=== Stored data ===
== == ==
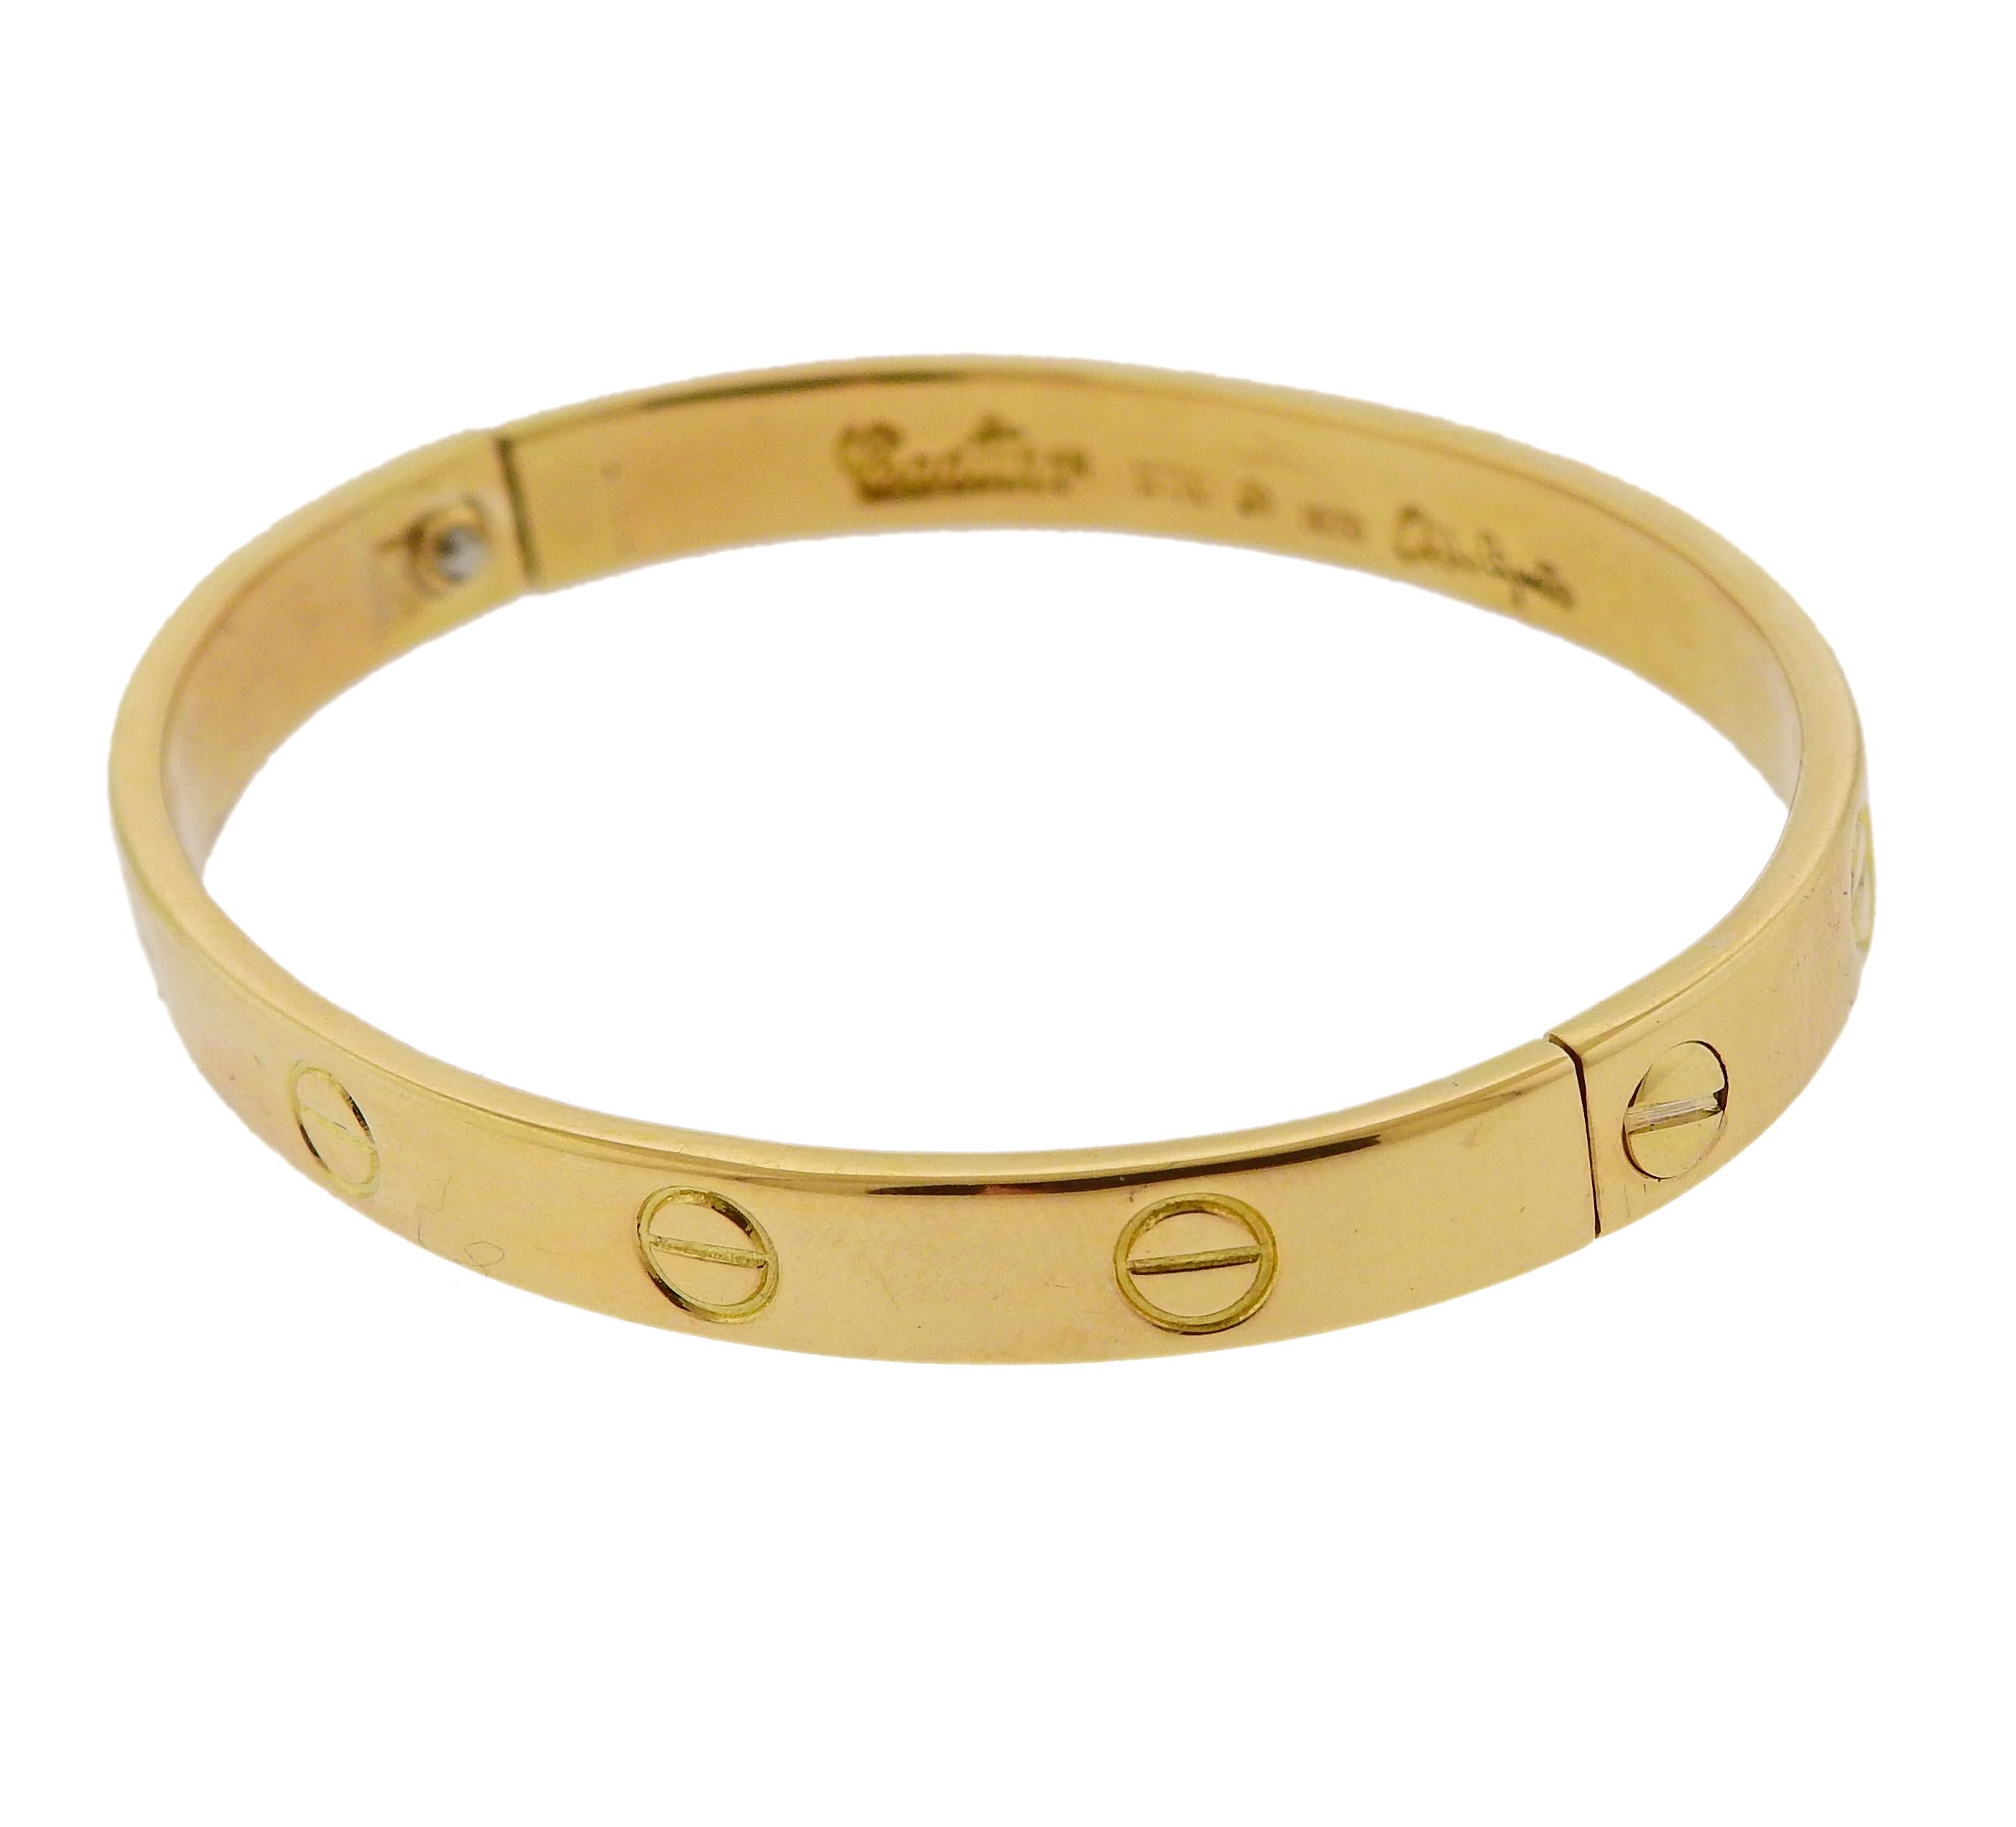 The original 1970 Cartier Love bracelet, designed and crafted by Aldo Cipullo in 18k yellow gold. The bracelet will fit up to a 6.5
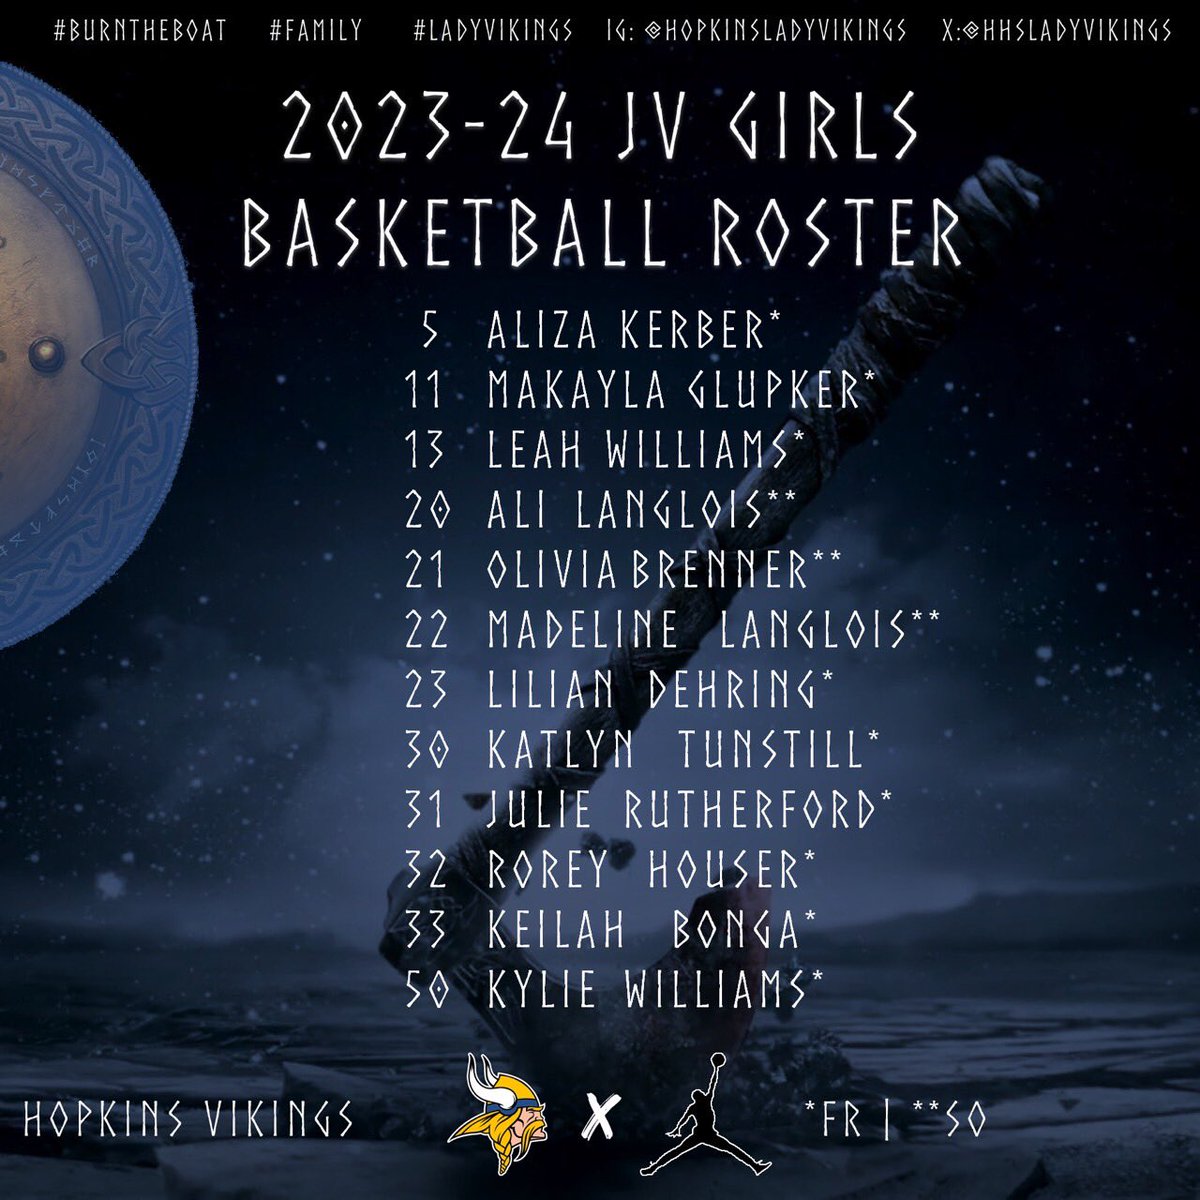 Rosters are set! Meet your 2023-2024 Lady Vikings!

#LadyVikings
#family
#BurnTheBoat
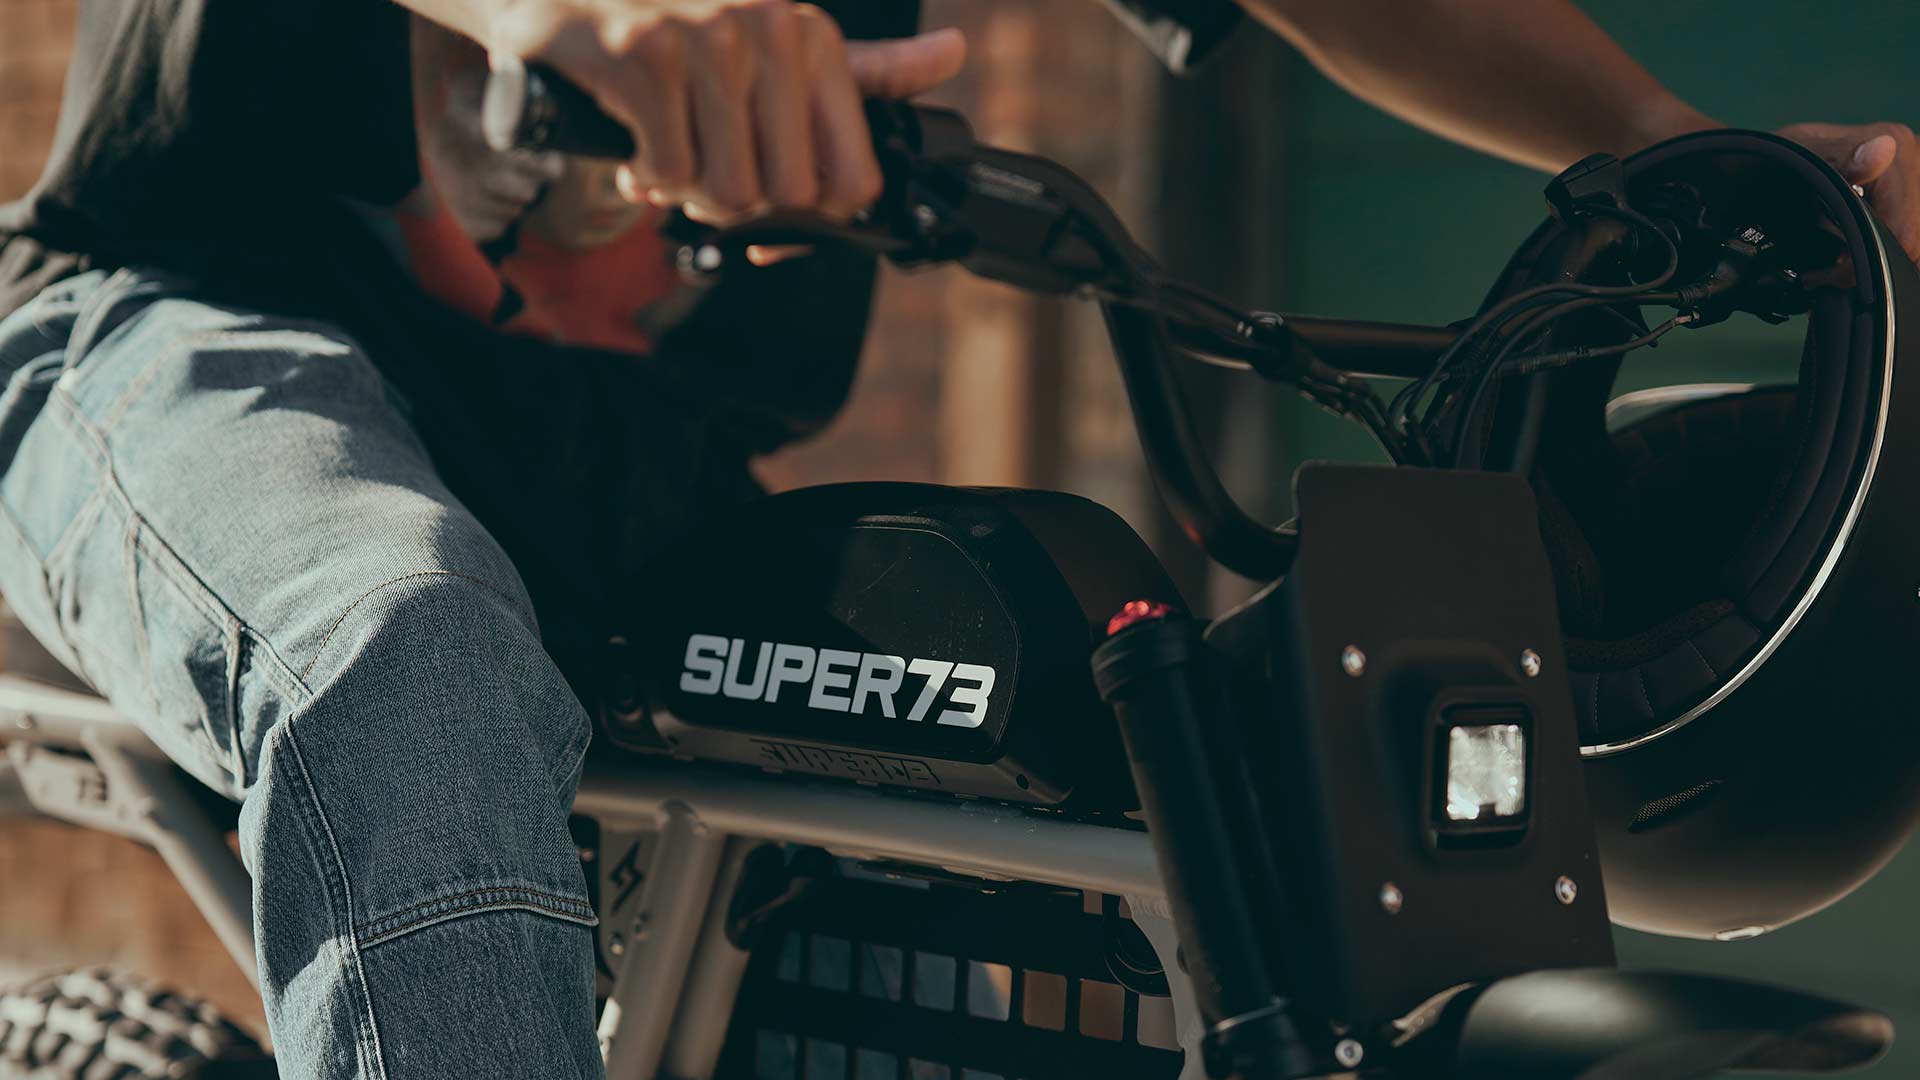 Closeup of the removable battery on the Super73 ebike, located on top of the frame
== == ==
=== WORK TO COMPLETE ===
Take the records above from the line with "Rosters are set!" down to their last line and please copy those lines exactly, without the pictures.

=== RESULT ===
 Rosters are set! Meet your 2023-2024 Lady Vikings!

#LadyVikings
#family
#BurnTheBoat
 Closeup of the removable battery on the Super73 ebike, located on top of the frame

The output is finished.